# Serbo-croatian "cvičak" or in Bulgarian "cviček"



## vrubble

A question to Croatian, Serbian and Bulgarian speakers.
I read a book a out the "serbo-croatian" language (it's from the 60's) and there are some words I don't know. One of them is "cvičak" or in Bulgarian "cviček". My book says it's some kind of sour milk but I've never heard about it and couldn't find it on the internet.
How about you? Do you know what this thing is? Have you ever... drunk  it?


----------



## Panceltic

In Slovenia, *cviček* is the name of a wine from Dolenjska (Lower Carniola). It is quite sour and is made from mixing white and red grapes.


----------



## vrubble

My books also says there is this word in Slovenian but it should be as well a name of some sour... milk drink. I"ve no idea what's meant with that.
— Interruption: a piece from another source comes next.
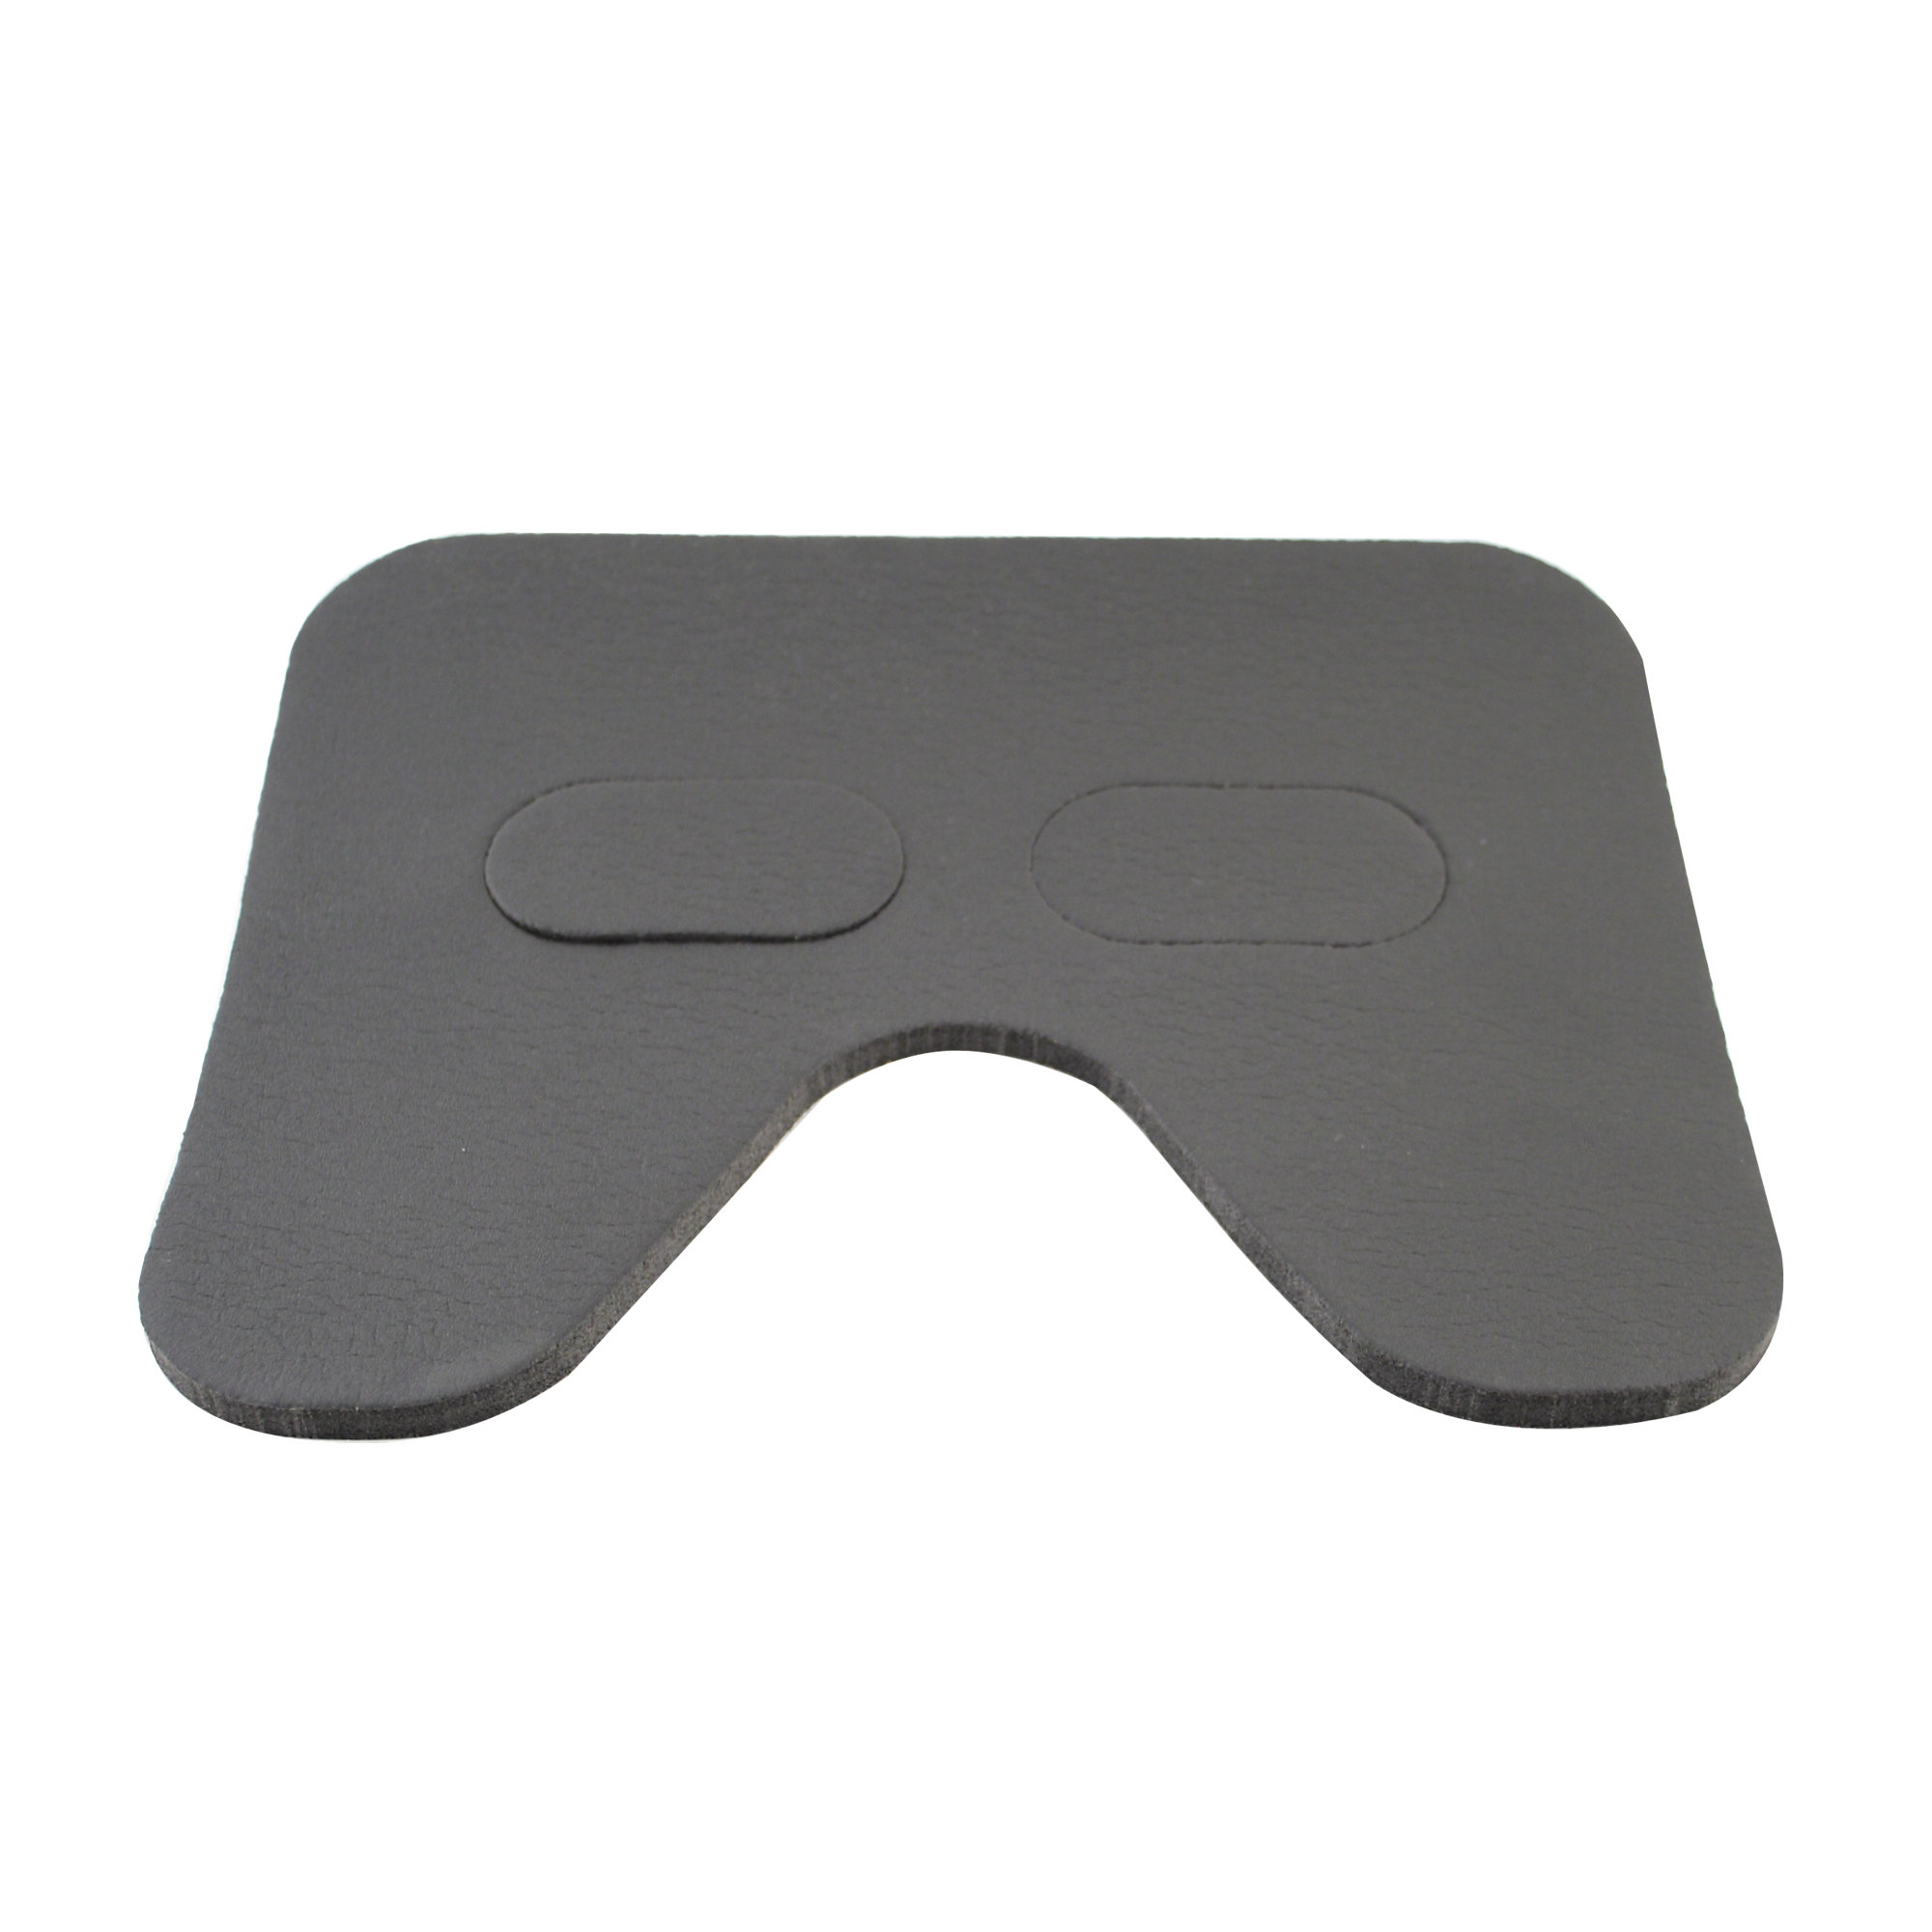 Foam Seat Pad for Concept 2 Rowers | 3/8" Thick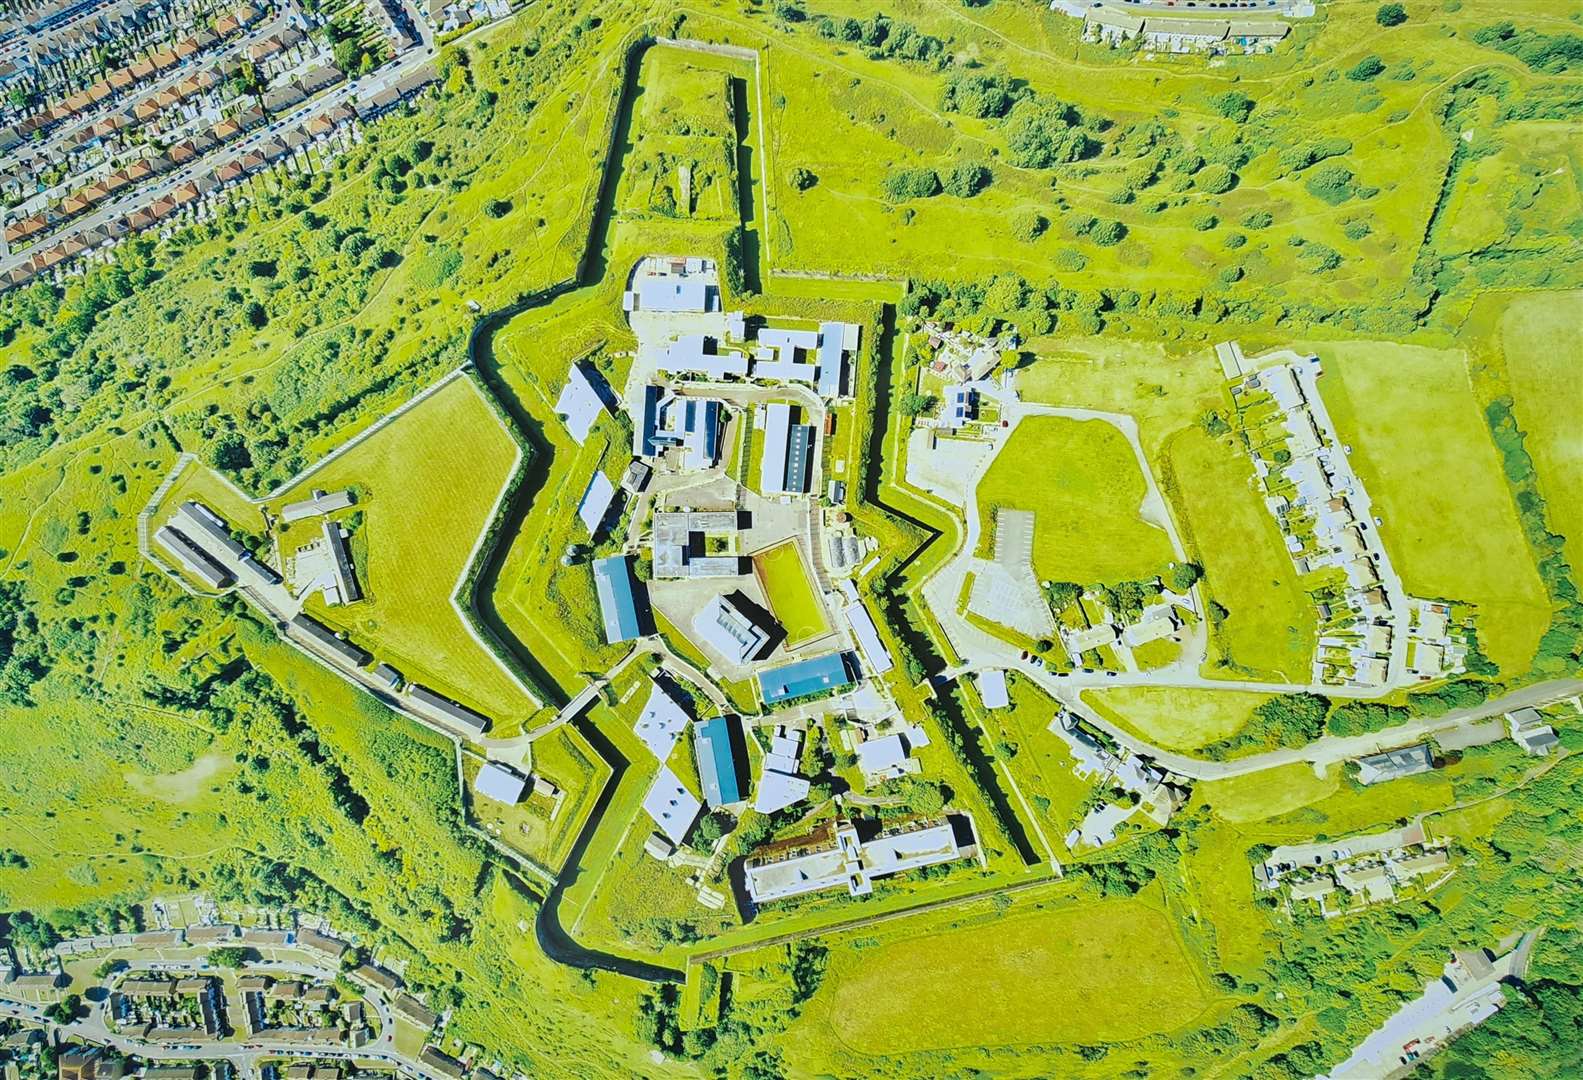 There are big plans afoot for the the Citadel complex, which has previously been used as a fort and prison. Picture: Dover Citadel Ltd

Anyway, as far as I know there is no such word in other Slavic languages.


----------



## Panceltic

The Slovenian Etymological Dictionary (http://fran.si/193/marko-snoj-slovenski-etimoloski-slovar/4219245/cvcek?View=1&Query=cviček) explains *cviček* as formed from the verb *cvikniti, cikniti* (to become sour). It then mentions the Bulgarian word цвик (Slovenian _sirotka_, Polish _serwatka_) so there may be a connection with something sour and milk-derived.  I can imagine the diminutive in Bulgarian could be цвичек.


----------



## vrubble

Wow, thank you very much! It explains a lot  I have asked my Croatian and Serbian friends and only one of them has ever heard of it


----------



## Panceltic

You're welcome  Well I suppose this is not a very popular drink.


----------



## vrubble

Hahah, no  There are many words in this book that aren't in use anymore but I'm always curious when I see something I don't know


----------



## korisnik

I've only ever heard of _cviček_, the Slovenian wine, and there's an entry for that in the Croatian HJP dictionary. Never heard of _cvičak_, tho.


----------



## jfkvcl

I can do a little more asking around, but it appears unknown in Bulgaria.


----------



## DarkChild

Panceltic said:


> The Slovenian Etymological Dictionary (http://fran.si/193/marko-snoj-slovenski-etimoloski-slovar/4219245/cvcek?View=1&Query=cviček) explains *cviček* as formed from the verb *cvikniti, cikniti* (to become sour). It then mentions the Bulgarian word цвик (Slovenian _sirotka_, Polish _serwatka_) so there may be a connection with something sour and milk-derived.  I can imagine the diminutive in Bulgarian could be цвичек.


I've never heard of such a word in Bulgarian but I recognized the Polish serwatka. The Bulgarian word is суроватка (surovatka) and it means whey. The wikipedia page gived цвик in parenthesis next to суроватка, but I've never heard that word before. It sounds awfully strange


----------